The conference, open to students, faculty, staff, and the public at no charge, was held on Thursday and Friday, February 22nd and 23rd, 2001, at the Pyle Center. Funding for the conference was provided by the Brittingham Fund, Inc.; and members of the Organizing Committee included Professors James Baughman (Journalism), Donald Downs (Political Science), Jane Hutchison (Art History), Diane Lindstrom (History), Stanley Payne (History), and Professor Emeritus W. Lee Hansen (Economics)[Chair].

Conference Purpose

  • To engage the campus — faculty, administrators, academic staff, and students — in a reasoned discussion of campus issues dealing with academic freedom, rights, and responsibilities, and thereby enlighten the general public about the importance of these seemingly abstract concepts to the continued vitality of the university and its search for the truth.
  • To probe new and continuing academic freedom issues at the University of Wisconsin-Madison, among them the ending of the faculty speech code, the free speech issues involved in the University of Wisconsin vs.

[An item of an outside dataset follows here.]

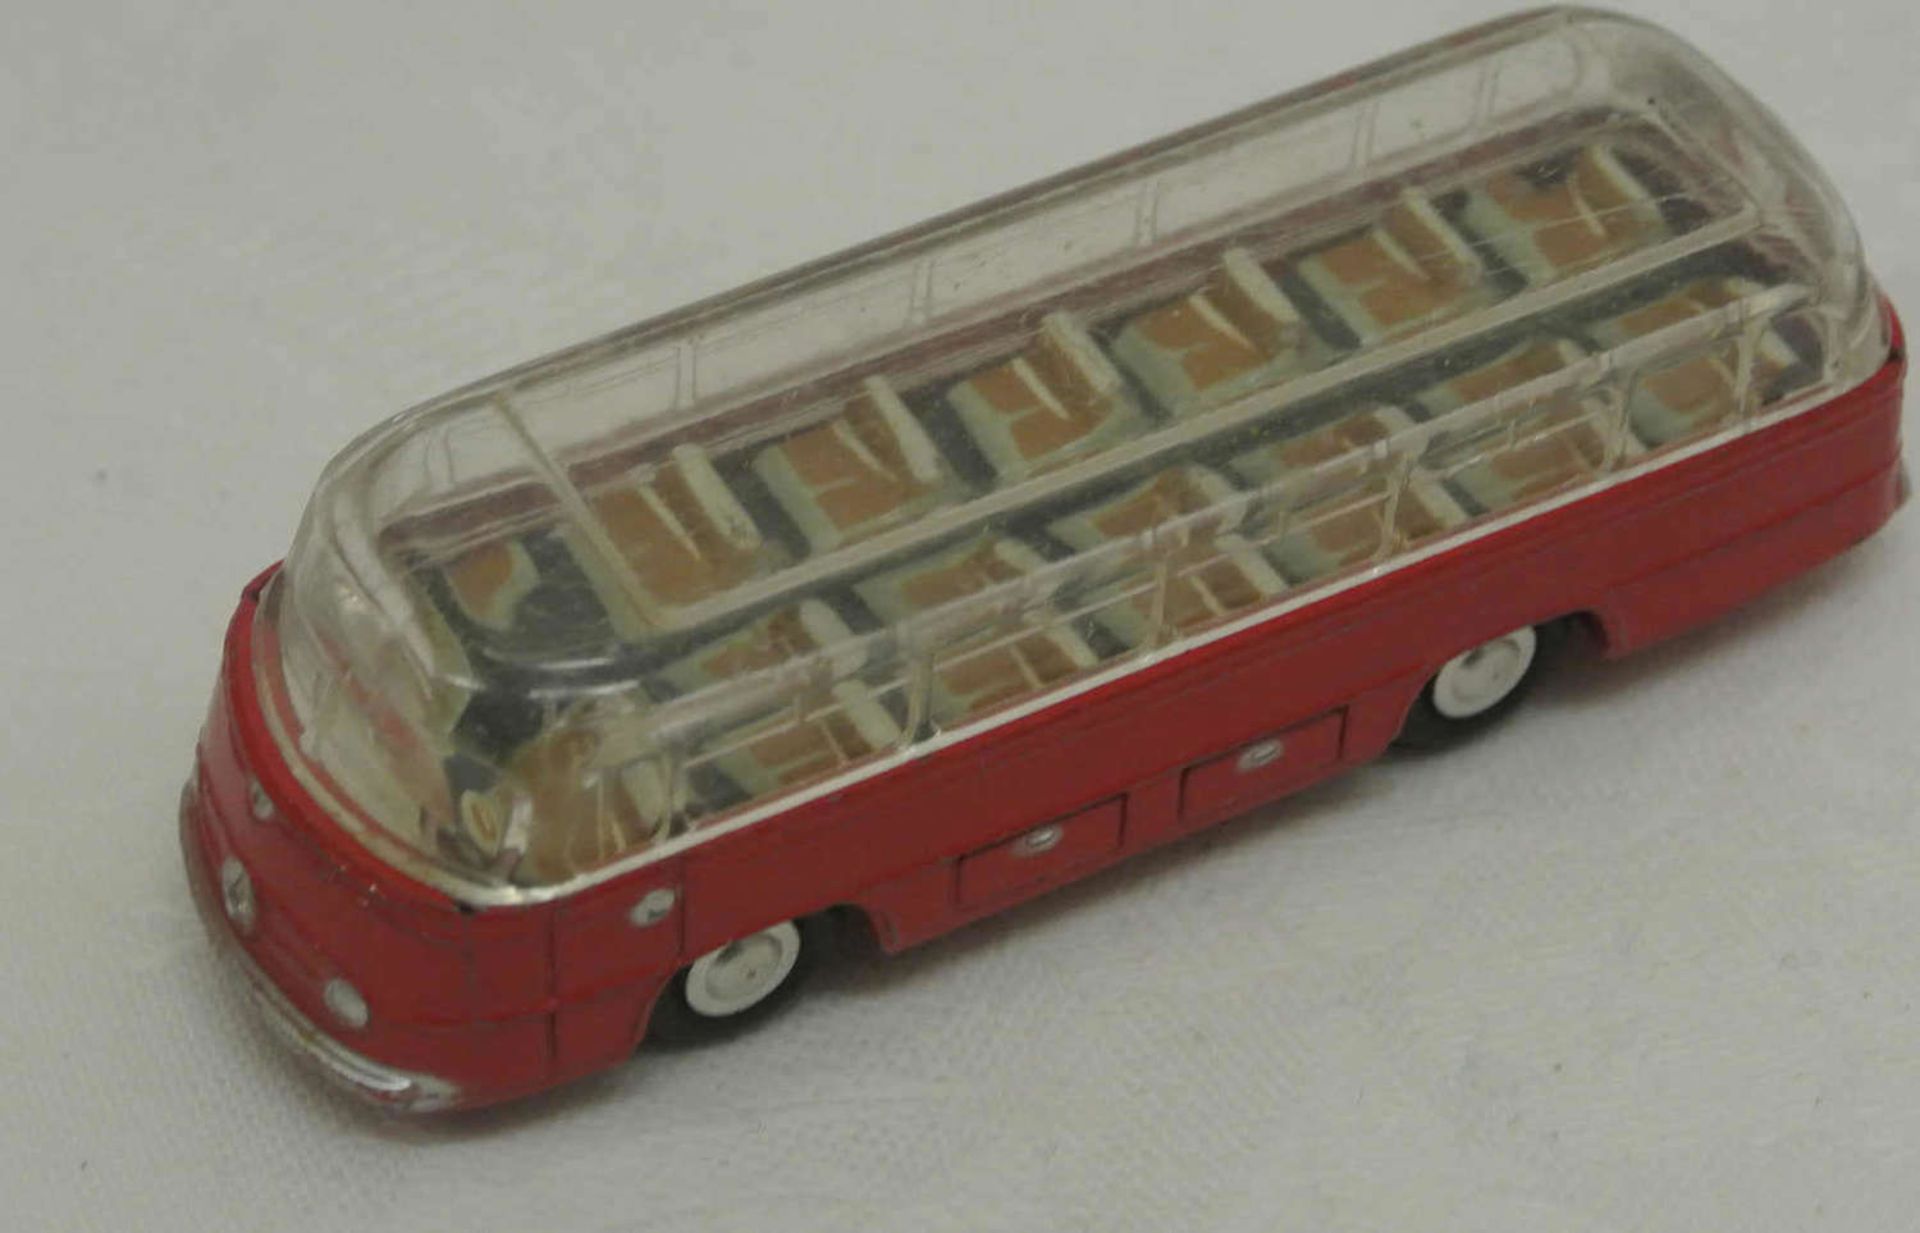 Original Vintage 1958-1969 Schucco Piccolo 740 Mercedes Bus, rot, Metall Original Vintage 1958-

Southworth segregated free case, university-private sector partnerships such as the Reebok contract, and intellectual property rights arising as a result of increased private sector financing of university-based research and the growing commercial value of new scientific discoveries.
  • To continue the discussion of academic freedom issues that began at the 1994 Academic Freedom Conference whose purpose was the highlight then-current academic freedom issues in the context of the 100th anniversary of the Board of Regent’ famous “sifting and winnowing” statement. Among the topics included were the context and details of the famous “trial” of UW Economics Professor Richard T. Ely, the student speech code, new challenges to academic freedom, and the meaning of “sifting and winnowing” in today’s university.

Conference Organization

The conference brings together a wide ranging collection of UW-Madison faculty, academic staff, and students, as well as several outside presenters. The issues scheduled for the panels will have been explored in background papers prepared for the conference. Presenters will summarize their papers, and in some cases discussants will comment on these papers. Time is available for questions from the audience. For the schedule of sessions, authors, and titles of papers, go to the conference schedule. The end product will be a book comparable to the volume resulting from the 1994 Academic Freedom conference, namely, Academic Freedom on Trial, 100 Years of Sifting and Winnowing at the University of Wisconsin (distributed by the UW Press for the UW-Madison Office of Publications, 1998), edited by Hansen who also chaired the organizing committee for that conference.

The conference featured presentations by two nationally known experts, one Thursday morning to start the conference, and another the same evening as a public lecture (please see bios). The conference continued through Thursday afternoon, Friday morning, and concluded late Friday afternoon.